A gala to celebrate 50 years of existence for the Beth Tikvah Synagogue has been put on pause given the on-going Israel-Hamas war and the sadness it’s brought to the Jewish congregation.

“Now doesn’t feel like a celebrating time,” said Susan Tendler, rabbi of Beth Tikvah.

Mindy Zimmering, who is the gala chair, said, while the Jewish community shouldn’t “cower,” now doesn’t seem like a good time to hold the planned gala, which would have commemorated the south Richmond synagogue’s 50th anniversary.

The on-going war is making the Jewish community feel like they’re “walking in mud,” Zimmering added.

“Please, god, make this end,” she told the Richmond News.

For the Jewish community, the hostages being held by Hamas are weighing heavily on their minds, and it seems everyone has a connection to them or someone killed in the Oct. 7 attack, Tendler explained.

Tendler said they are praying for the hostages to be returned home.

She also wants to see an end to the humanitarian crisis that is unfolding.

“I don’t believe Hamas represents the Palestinian people,” Tendler said.

The synagogue near Railway Avenue and Williams Road opened its doors in 1977, but the congregation was established in 1973.
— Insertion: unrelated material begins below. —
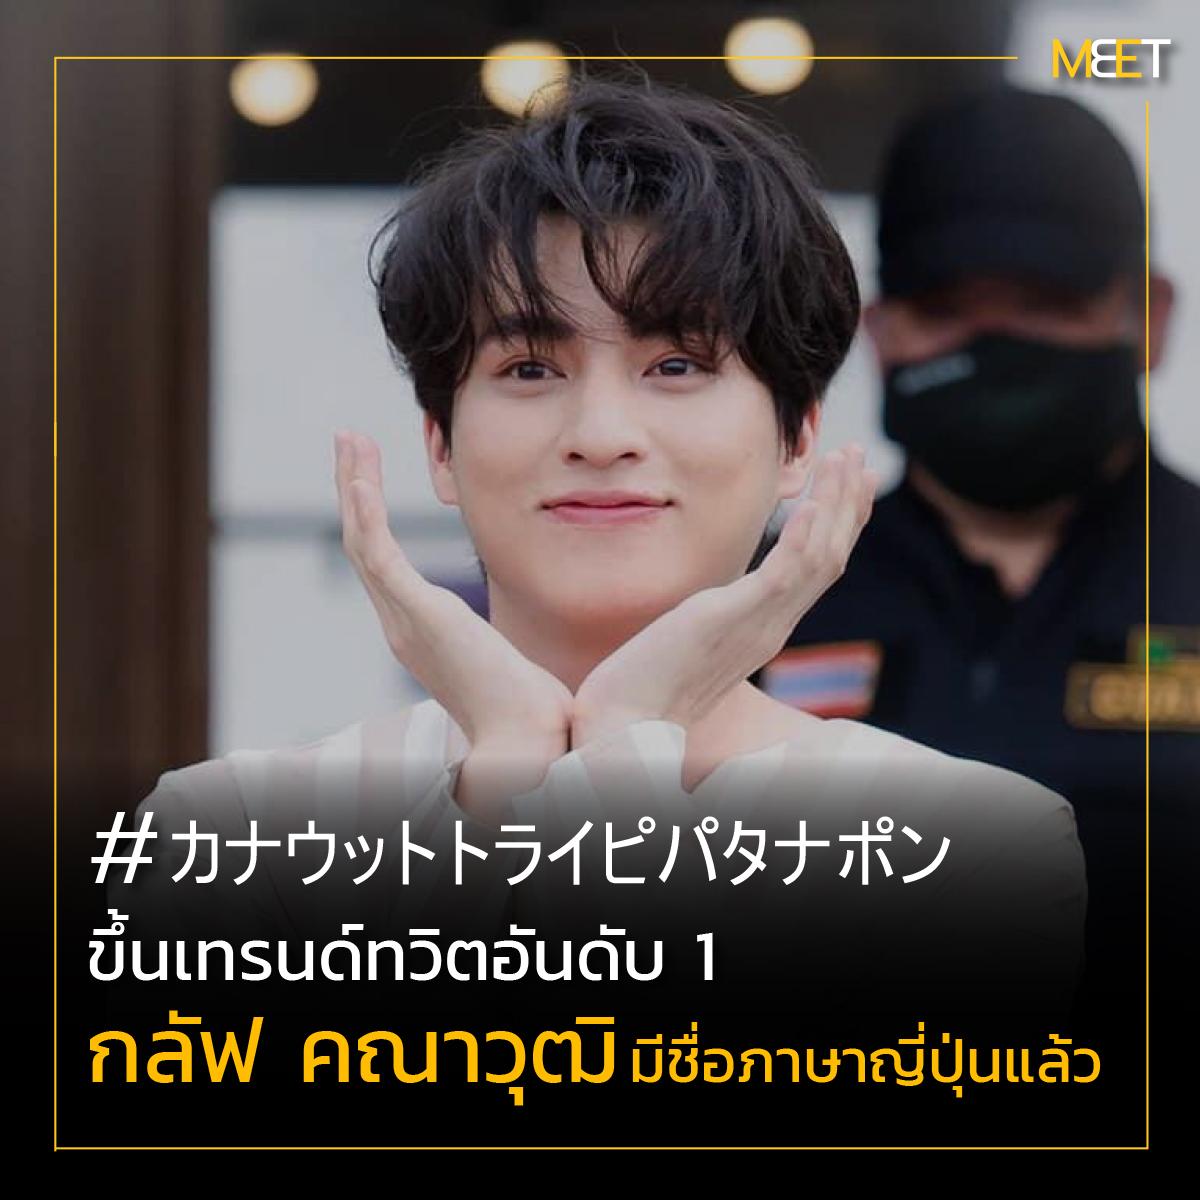 "MEET x News : ดังไกลถึงแดนปลาดิบ! ""กลัฟ คณาวุฒิ"" มีชื่อภาษาญี่ปุ่นแล้ว ไปให้สุดเลยลูกกกก #カナウットトライピパタナポン #GulfKanawut   web.facebook.com/MeetForAmity/p…"

Zimmering said the synagogue, that comprises about 200 families, has always been, and continues to be, very active in Richmond, delivering kosher meals to people who are house-bound, running hamper programs, visiting the sick and helping families who lose loved ones.

There is a saying in Judaism, she said, “tikku olam” which means “repair the world,” and that is the credo of Beth Tikvah, Zimmering explained.

The war between Israel and the terrorist group Hamas, which controls the Gaza Strip where two million Palestinians live, began on Oct. 7 when Hamas breached Israeli security and raided two kibbutzim and attacked people at a music concert.

In addition to killing 1,400 Israelis, they took about 200 hostages who are largely still being held in Gaza.

Israel has been bombing Gaza since then, trying to root out Hamas and find the hostages. They began a ground offensive more than a week ago.

It’s estimated about 12,000 people have died in Gaza since the war began.

Zimmering said she believes in a two-state solution to the Israel-Palestinian situation, but she is “not a fan of Hamas,” and she describes the terrorist group’s attack on Israel as “horrific.”